The Food and Drug Administration has targeted four cigarette products, including Camel and Pall Mall brands, for not meeting regulations, the latest companies to get ensnared in a burgeoning agency dragnet.
The agency on Tuesday issued orders to stop the sale and distribution of four products all marketed by R.J. Reynolds Tobacco Co. All of the products flouted certain agency regulations for governing tobacco products, the FDA said.
The agency halted sales of Camel Crush Bold, Pall Mall Deep Set Recessed Filter, Pall Mall Deep Set Recessed Filter Menthol and Vantage Tech 13 cigarettes.
The problem hints at a growing regulatory battle over tobacco oversight.
The agency received the authority to regulate tobacco products in 2009.

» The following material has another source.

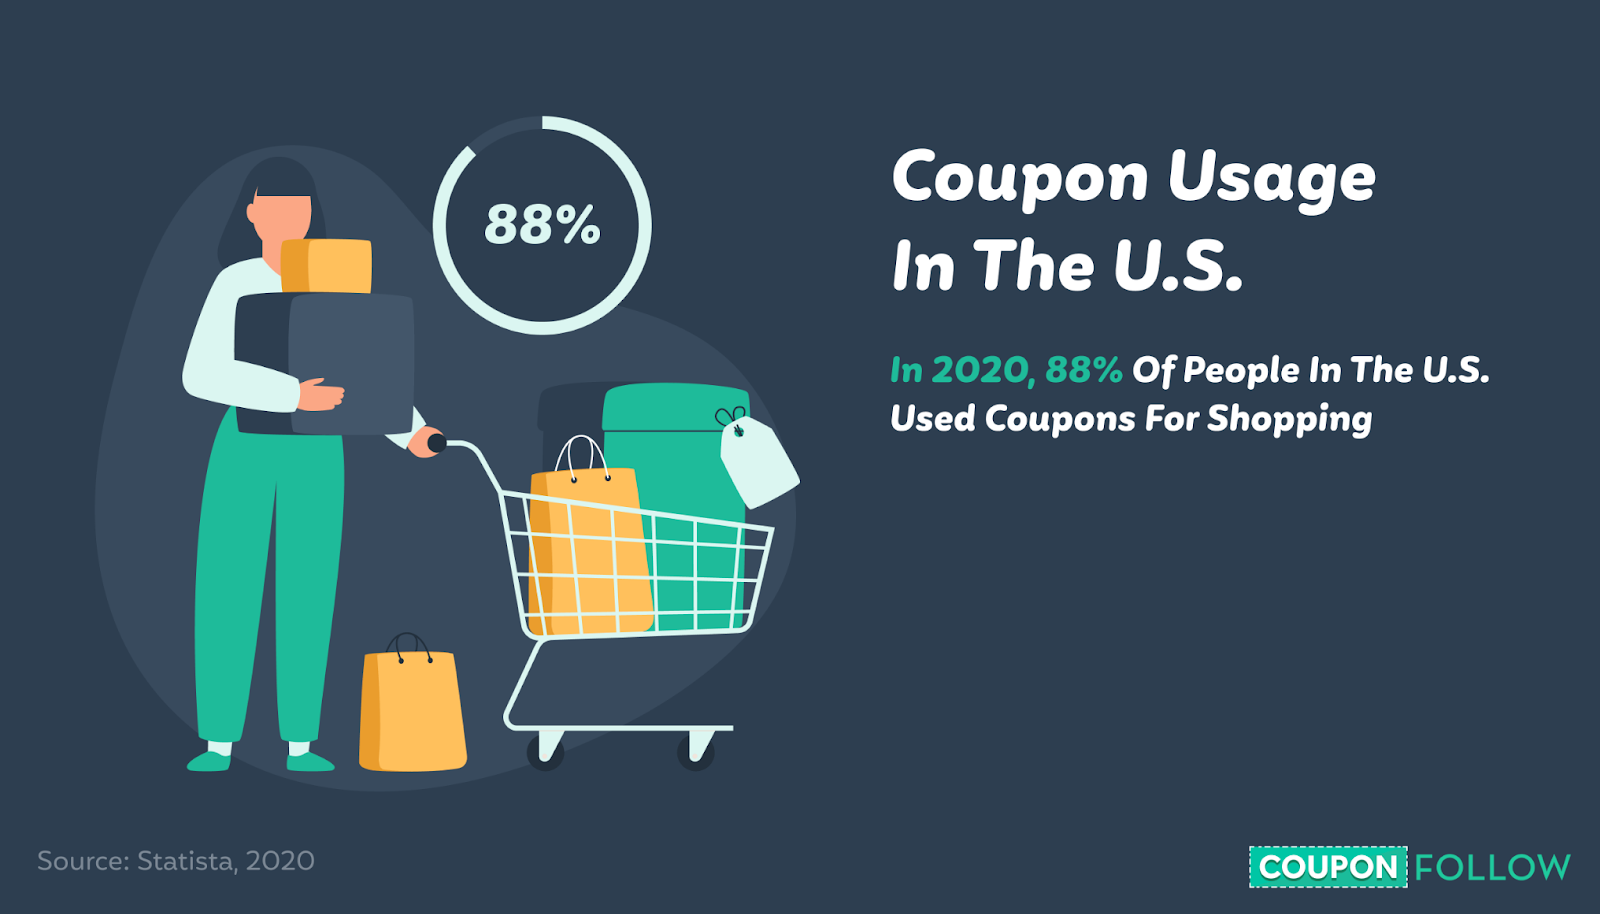 Illustration showing the percentage of US shoppers who use coupons
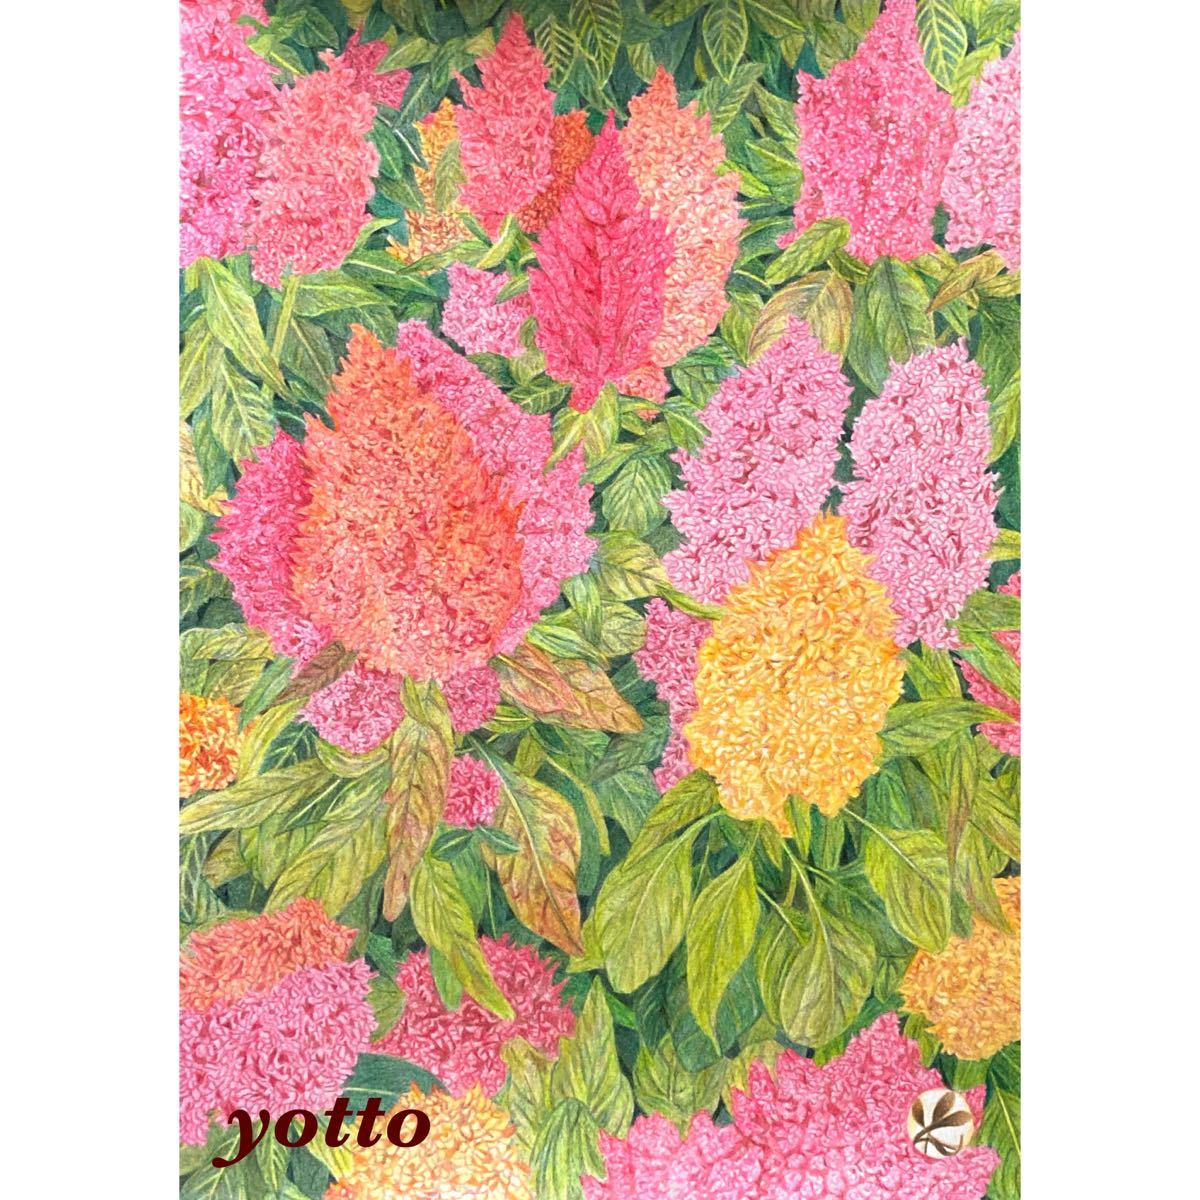 Colored pencil drawing Celosia A4 with frame◇◆Hand-drawn◇Original drawing◆Flowers◇◆Yotto, artwork, painting, pencil drawing, charcoal drawing

A tobacco company that wants to bring a new cigarette to market has two options. It can go through a lengthy approval process or demonstrate the product is the same as one marketed before February 2007, the date when products already on the market were grandfathered and aren’t regulated.
The four products were already on the market, but reached shelves after the February 2007 grandfather date.
Therefore, Reynolds had to get new approvals or prove they were similar to products marketed before 2007.
Reynolds went with the latter, but the FDA said Tuesday that the products were too different from grandfathered products and that they have higher levels of menthol and new ingredients.
Retailers have 30 days to dispose of the cigarettes.
R.J. Reynolds did not immediately return a request for comment.
The grandfather date has been a point of contention between the FDA and the industry for some time. A House bill even seeks to eliminate the 2007 date and replace it with the date of the law’s passage in 2009, which would ensure more products are grandfathered.
The e-cigarette industry is also interested as to how the grandfather date affects them since the agency has yet to issue final regulations on e-cigarettes.